GIVEN MATERIAL:
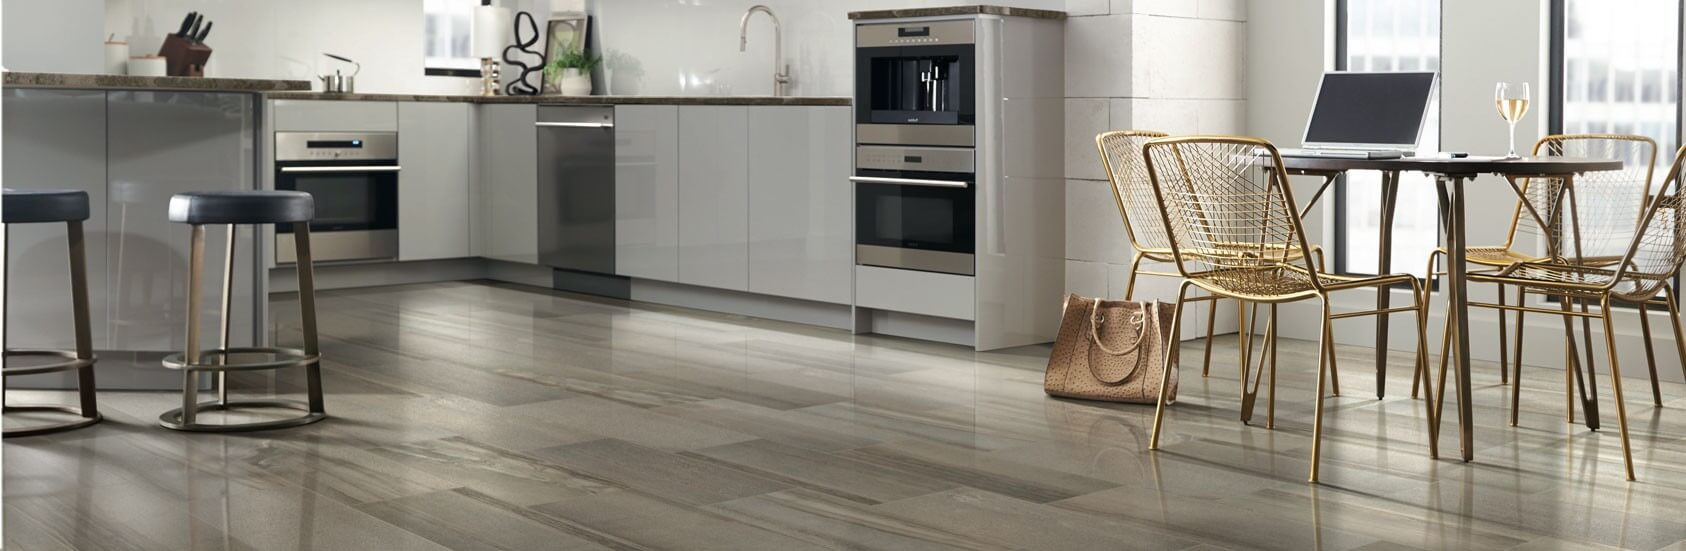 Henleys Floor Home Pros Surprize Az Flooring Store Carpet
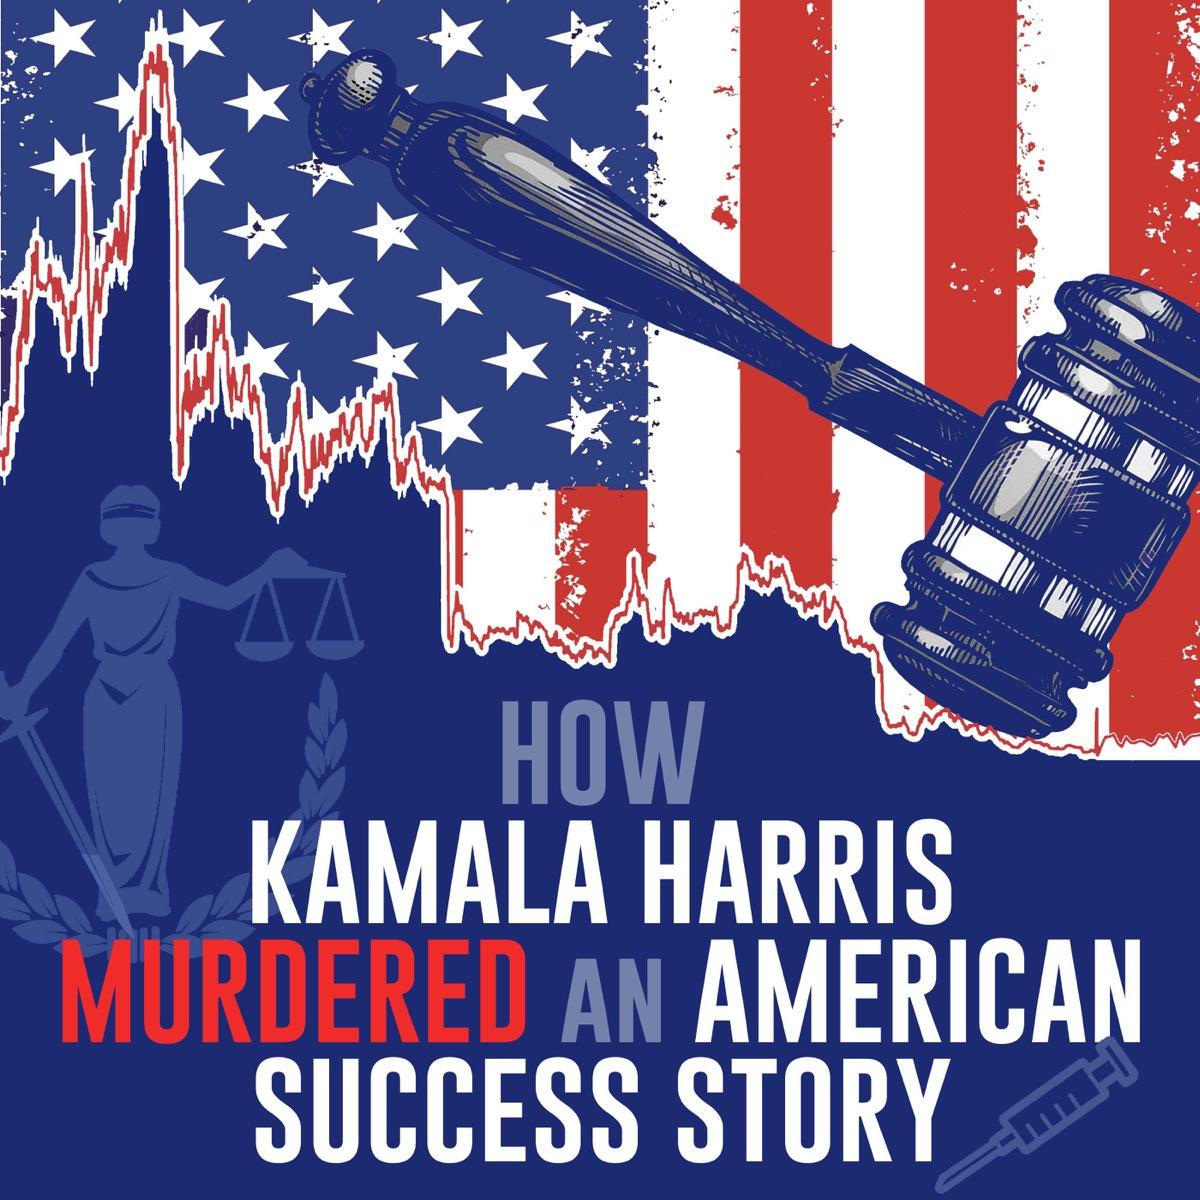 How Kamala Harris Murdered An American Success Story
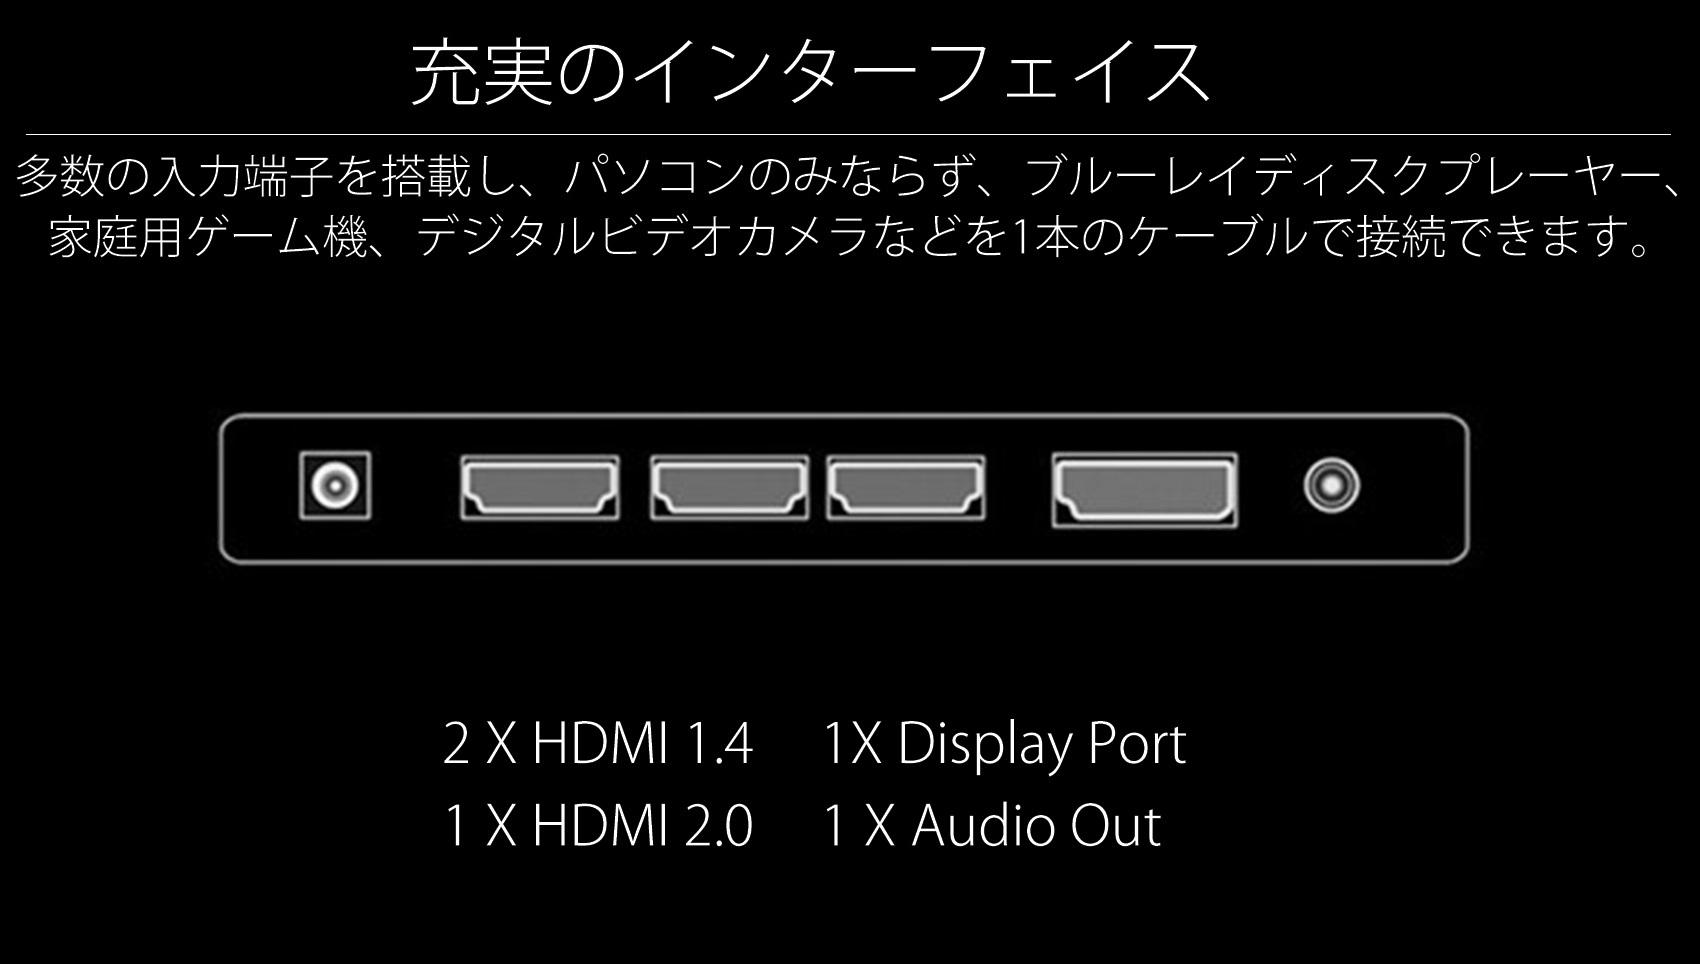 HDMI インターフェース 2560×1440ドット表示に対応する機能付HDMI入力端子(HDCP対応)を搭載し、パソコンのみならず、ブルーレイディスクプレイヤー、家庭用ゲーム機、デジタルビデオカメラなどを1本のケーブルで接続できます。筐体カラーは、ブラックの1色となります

ACTIVITY:
Only the lines between the one containing "How Kamala Harris" and the last line of the listing above, both included, should be written out, exactly and without pictures.

ANSWER SECTION:
 How Kamala Harris Murdered An American Success Story
 HDMI インターフェース 2560×1440ドット表示に対応する機能付HDMI入力端子(HDCP対応)を搭載し、パソコンのみならず、ブルーレイディスクプレイヤー、家庭用ゲーム機、デジタルビデオカメラなどを1本のケーブルで接続できます。筐体カラーは、ブラックの1色となります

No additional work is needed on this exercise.